DATA BELOW —
☆ ☆ ☆ ☆
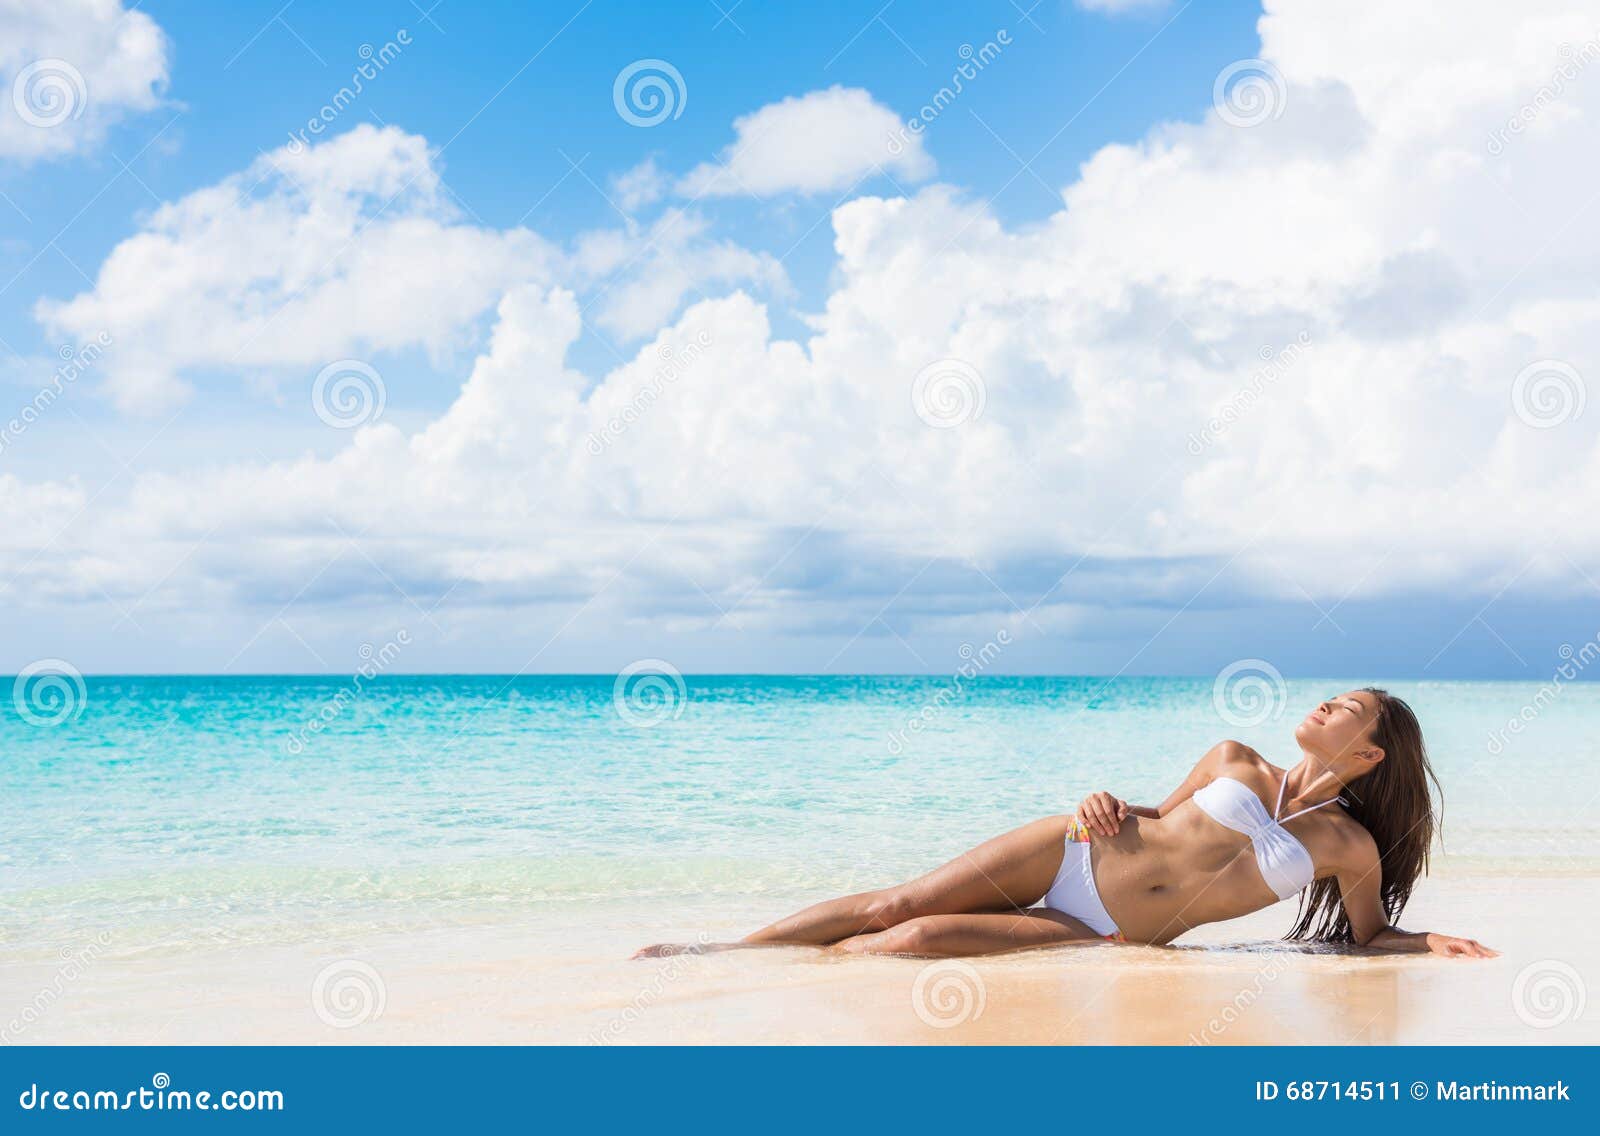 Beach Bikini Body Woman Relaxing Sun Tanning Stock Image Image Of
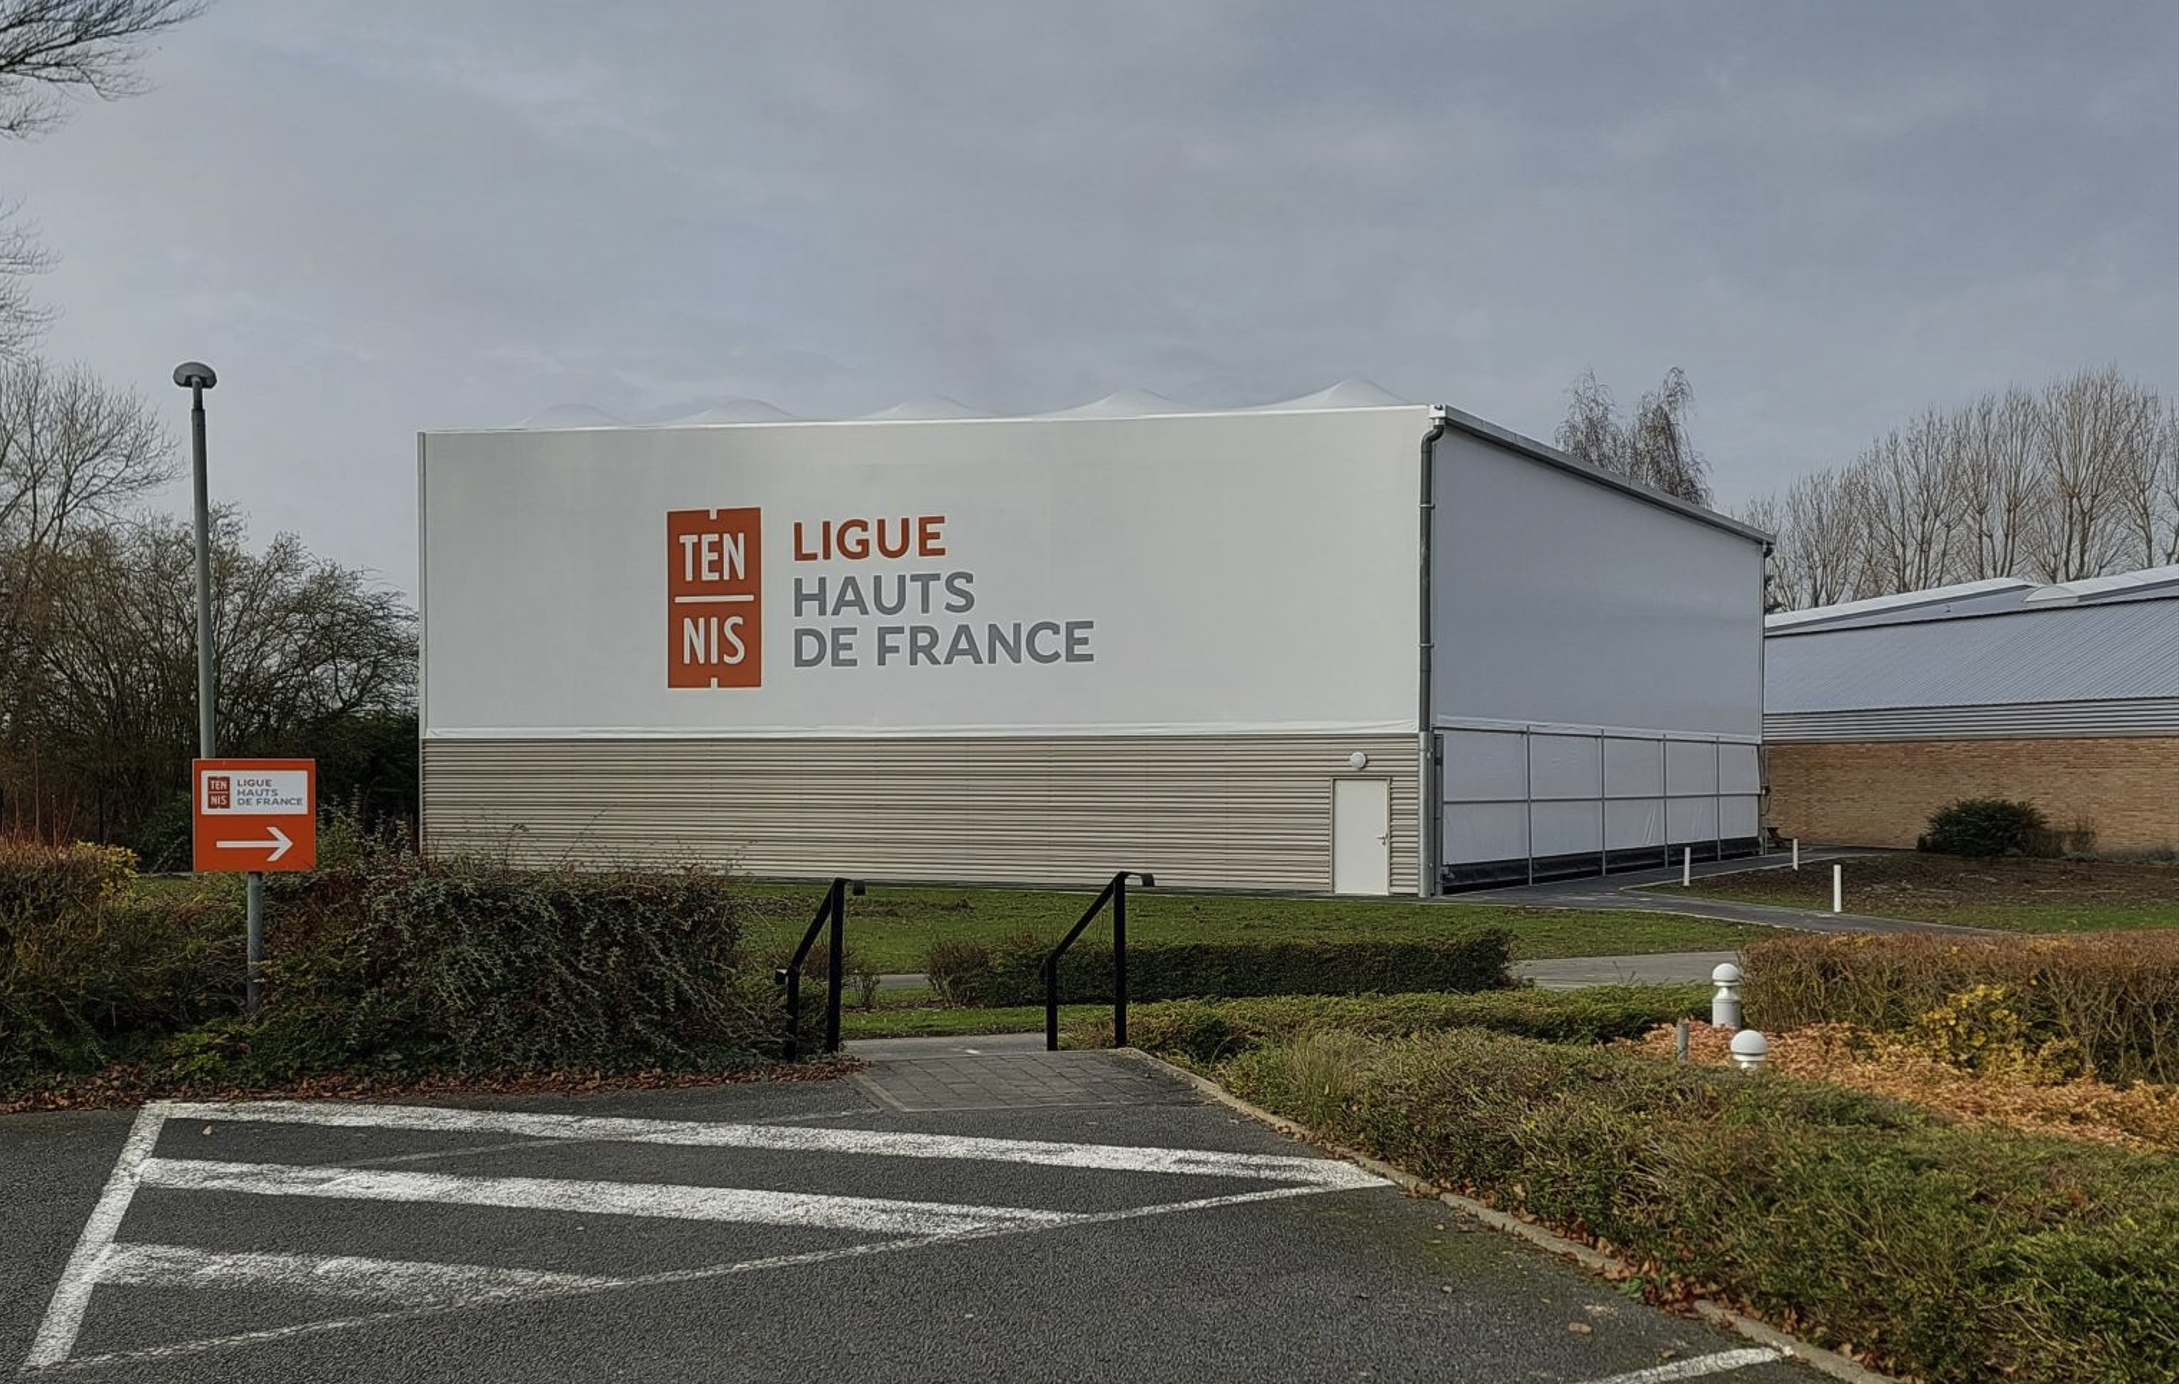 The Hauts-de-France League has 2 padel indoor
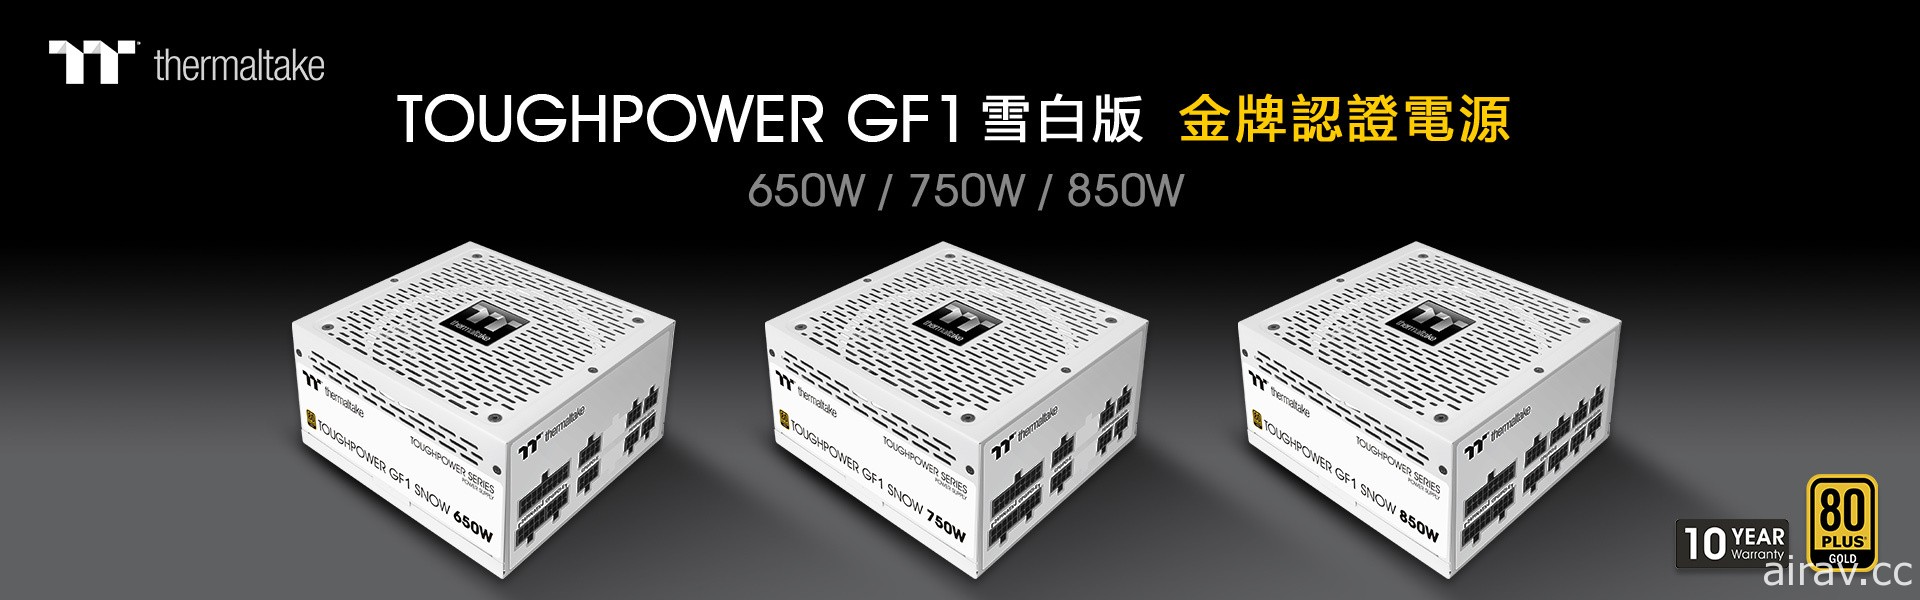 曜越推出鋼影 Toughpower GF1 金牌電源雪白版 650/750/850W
☆ ☆ ☆ ☆
YOUR TASK — Each line from the one with "The Hauts-de-France League" to the last line of the listing should be returned exactly, both ends included, and no picture with them.

RESULT —
 The Hauts-de-France League has 2 padel indoor
 曜越推出鋼影 Toughpower GF1 金牌電源雪白版 650/750/850W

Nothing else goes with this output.